By Mark McGranaghan, Electric Power Research Institute
Ask people what drives effective research and development (R&D), and you can expect answers such as “vision” and “funding” and “commitment for the long haul.” Ask us at the Electric Power Research Institute (EPRI), and we include “collaboration.” It is from our collaborative R&D model that we draw our vision for what is needed, the funding to get us there, and a shared commitment for the long haul.
Our collaborative model brings together perspectives from utilities, regulators, advocacy groups and other stakeholders to drive an R&D portfolio that helps meet the needs of the electricity sector and society.
As we look ahead to the long haul, we have established three broad goals for our power delivery research programs. First, increase research collaboration within the industry. The broader the participation in defining and coordinating the research agenda, the greater the value that can be achieved with the collaborative model.
Second, expand coordination and participation with industry organizations. By working closely with regulatory agencies, technical and business associations and other research organizations, EPRI can better align research programs with industry priorities better.
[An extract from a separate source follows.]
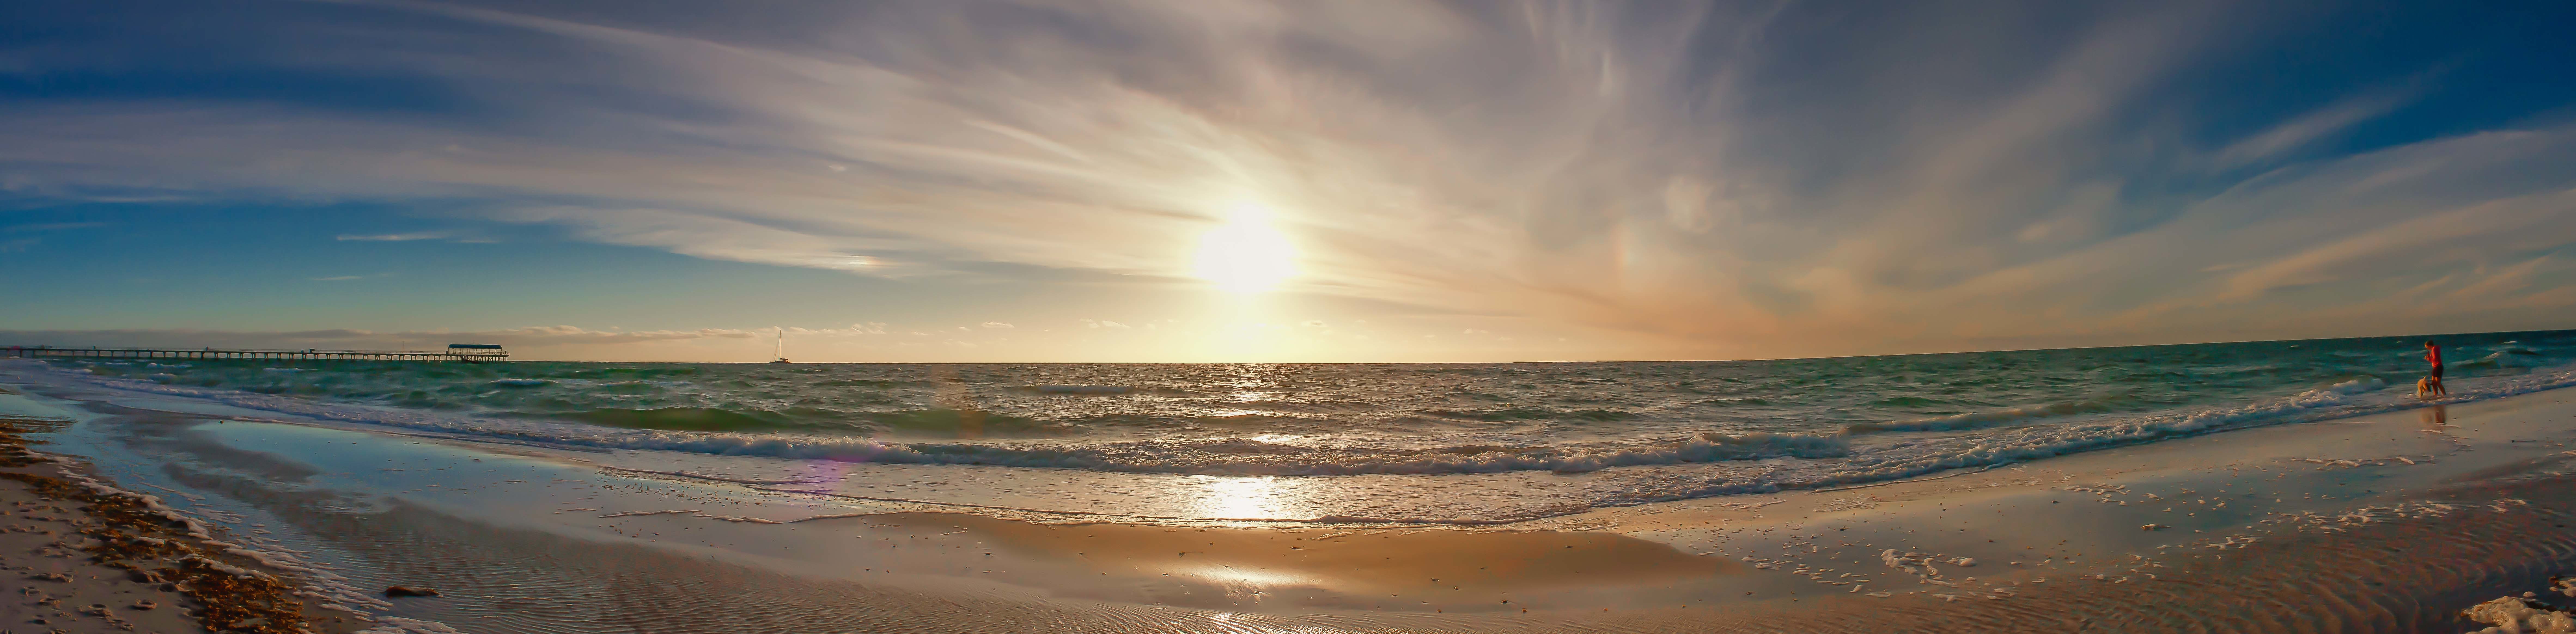 Best Photo Of Panorama Wallpaper Beach Waves Imagebank Biz

This also can provide additional technical assessment and validation of research results.
Third, increase international participation and coordination. Power system problems and issues are similar throughout the world. Broadening international engagement brings the potential to increase the value and return our members realize from R&D funding.
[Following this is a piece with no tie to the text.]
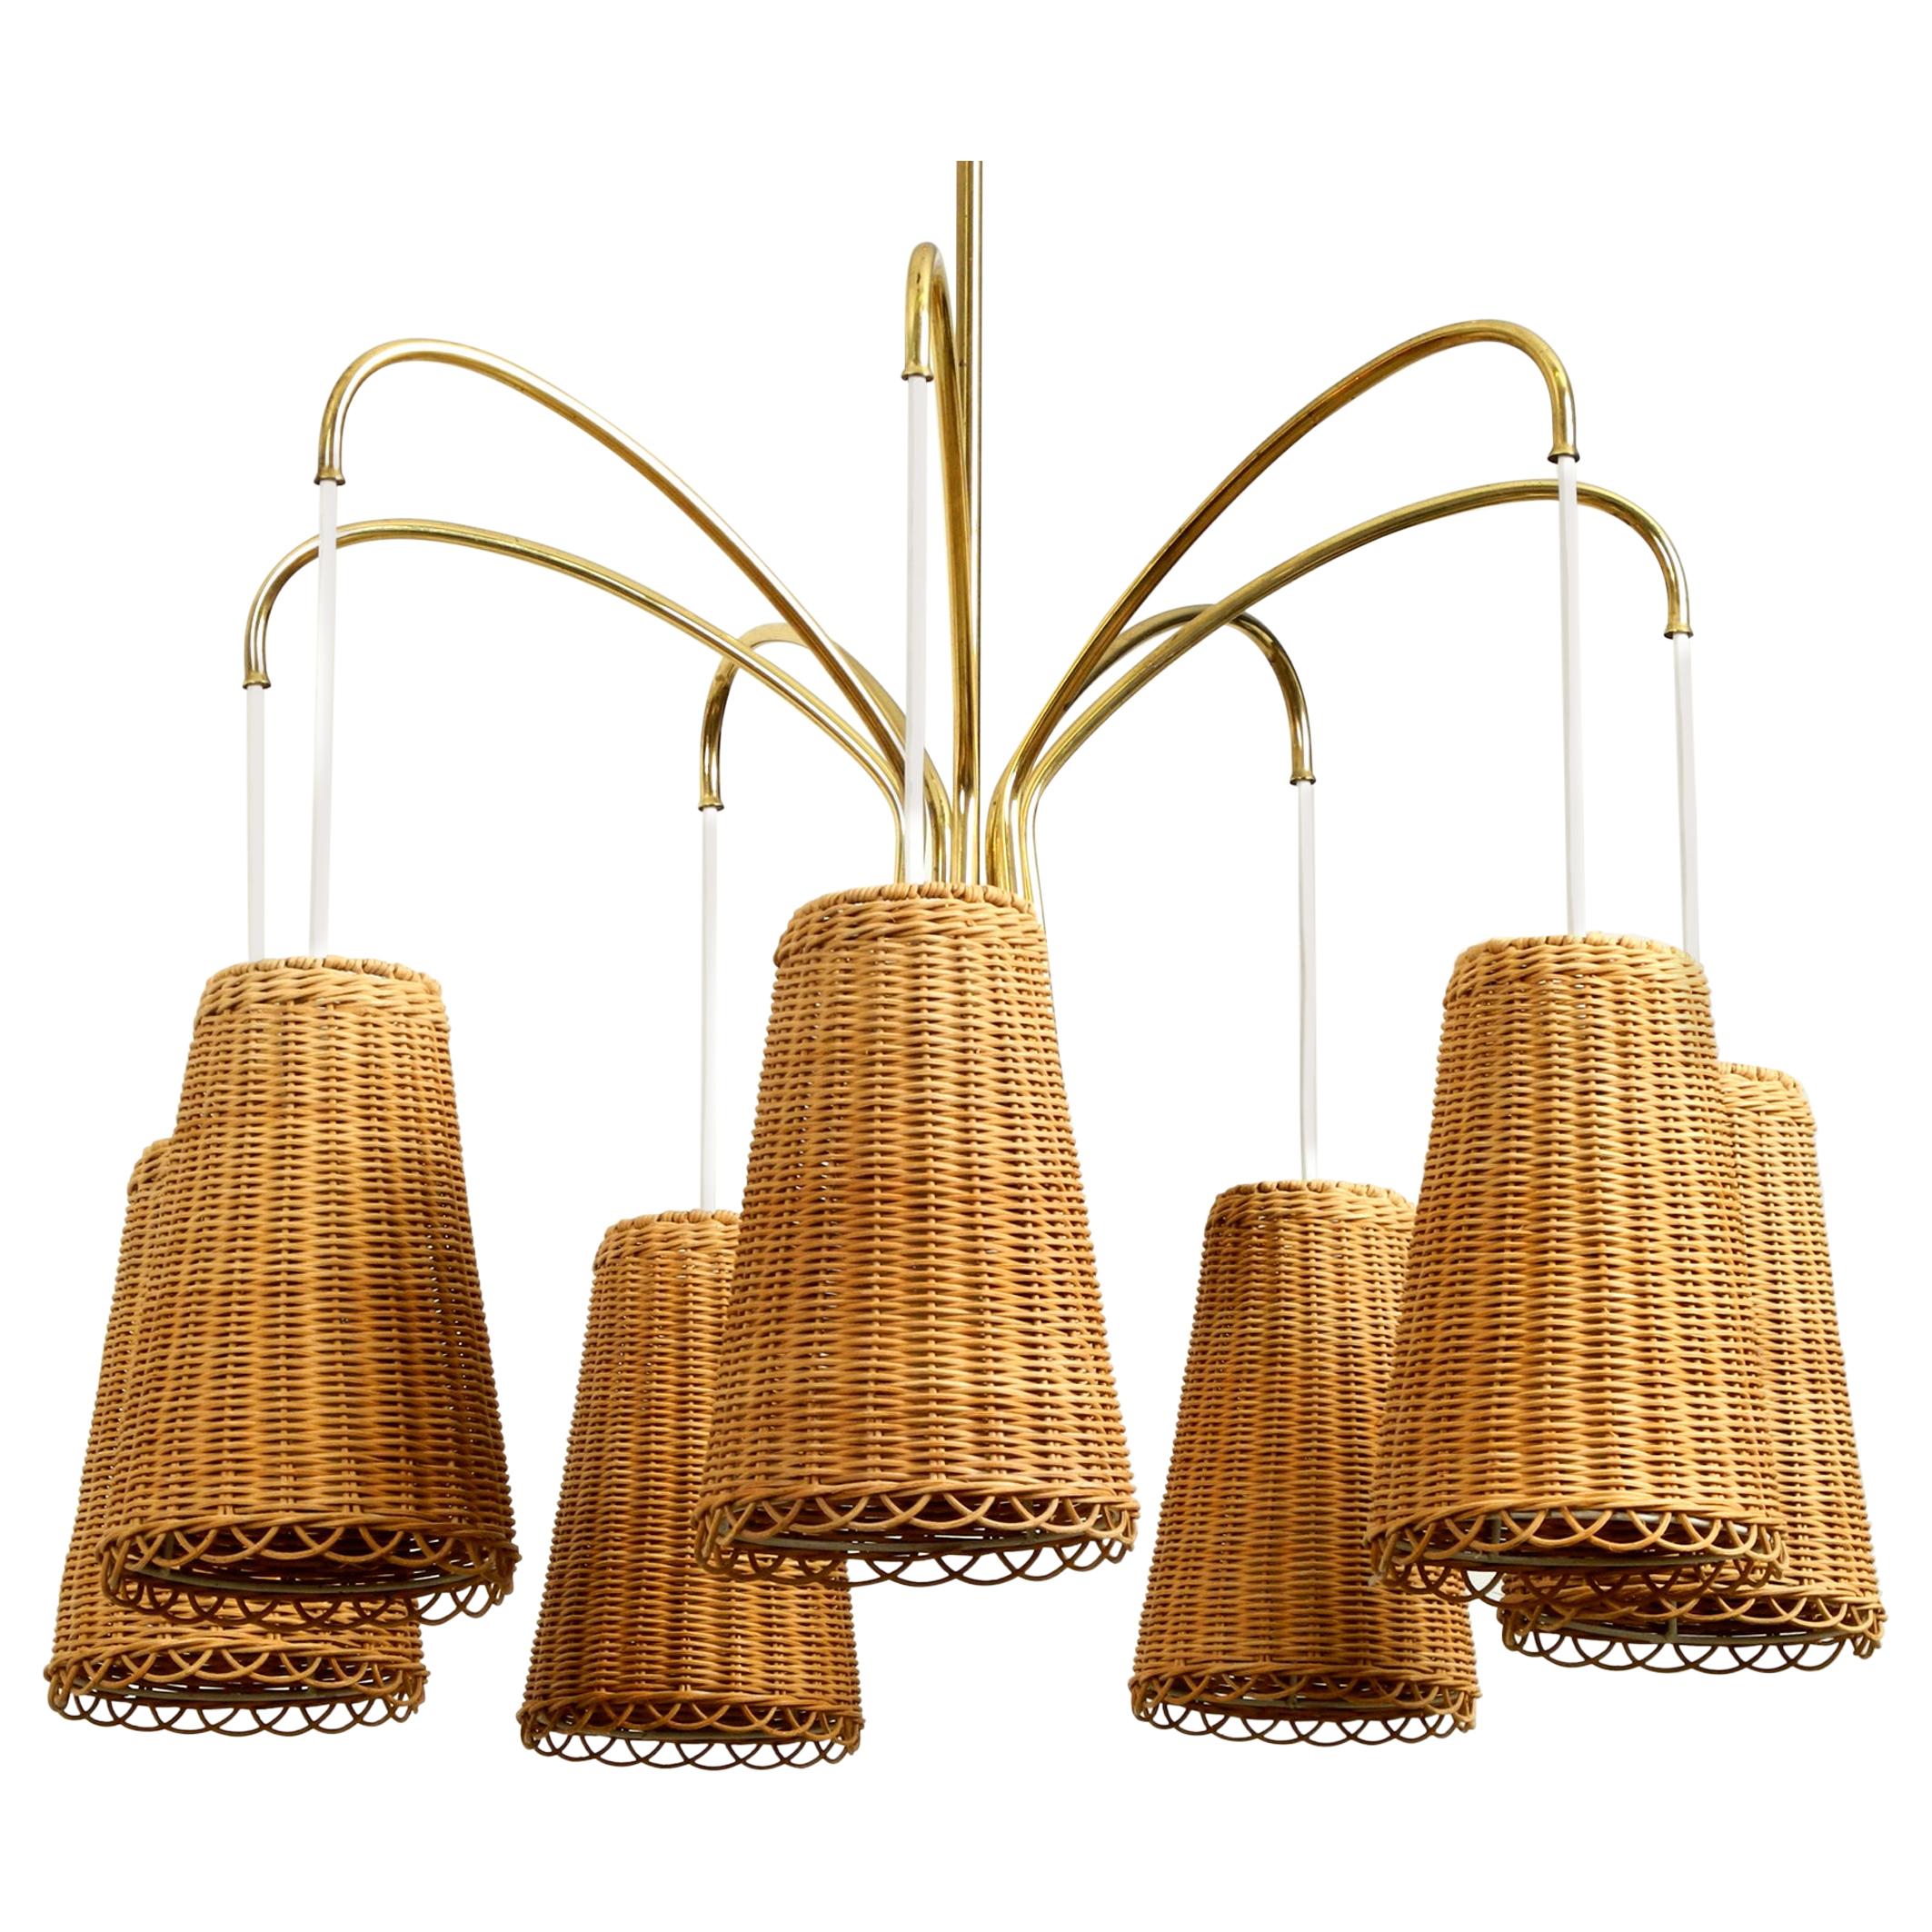 Midcentury Brass Ceiling Lamp with 7 Basket Shades, Vereinigte Werkstätten

During the past few years, our industry has changed rapidly as new technologies were introduced. There is much enthusiasm for a smart grid, and we expect its role in the industry will only grow. The opportunities presented by smart grid technologies–customer participation and managing renewables, for example–also bring challenges that must be addressed in a collaborative manner. Smart grid road maps and demonstration projects will help the industry bring new technologies and processes to the market and ensure that customer benefits are realized.
Even as we transform grid technology we must focus on maintaining the infrastructure and extending the life of major assets. We see significant opportunities to develop equipment diagnostic processes, to apply sensors to alert utilities to asset problems before they fail, and to develop risk assessment processes to identify the areas that need timely attention. Combined, such solutions can help defer capital investments.
New technologies are important to the industry’s future in many ways. Developing solutions include topics from asset management to energy consumption. For example, we are working on a transmission line robot that offers the potential to traverse transmission lines several times a year using inspection technologies to identify high-risk vegetation and right-of-way encroachment and to assess component condition. A solid-state transformer offers a fluid- and gas-free device bringing the potential to improve overall system efficiency compared with conventional distribution transformers. Smart inverters could provide optimized volt/VAR support when implemented with grid-tied solar photovoltaic technology and battery storage systems. Smart appliances offer consumers a tool to manage their energy use.
There are tremendous opportunities ahead for the electricity industry. Research can serve as a major driving force in the industry’s progress. Beyond that, effective technology transfer can provide utilities a better foundation for adopting new technologies and processes that eventually can lead to greater reliability, efficiency, affordability and overall customer satisfaction.
In all of this work, research drives the industry forward. To drive the research, vision, funding and commitment are essential. From where EPRI stands, collaboration is the key.
Mark McGranaghan is vice president of power delivery and utilization at EPRI.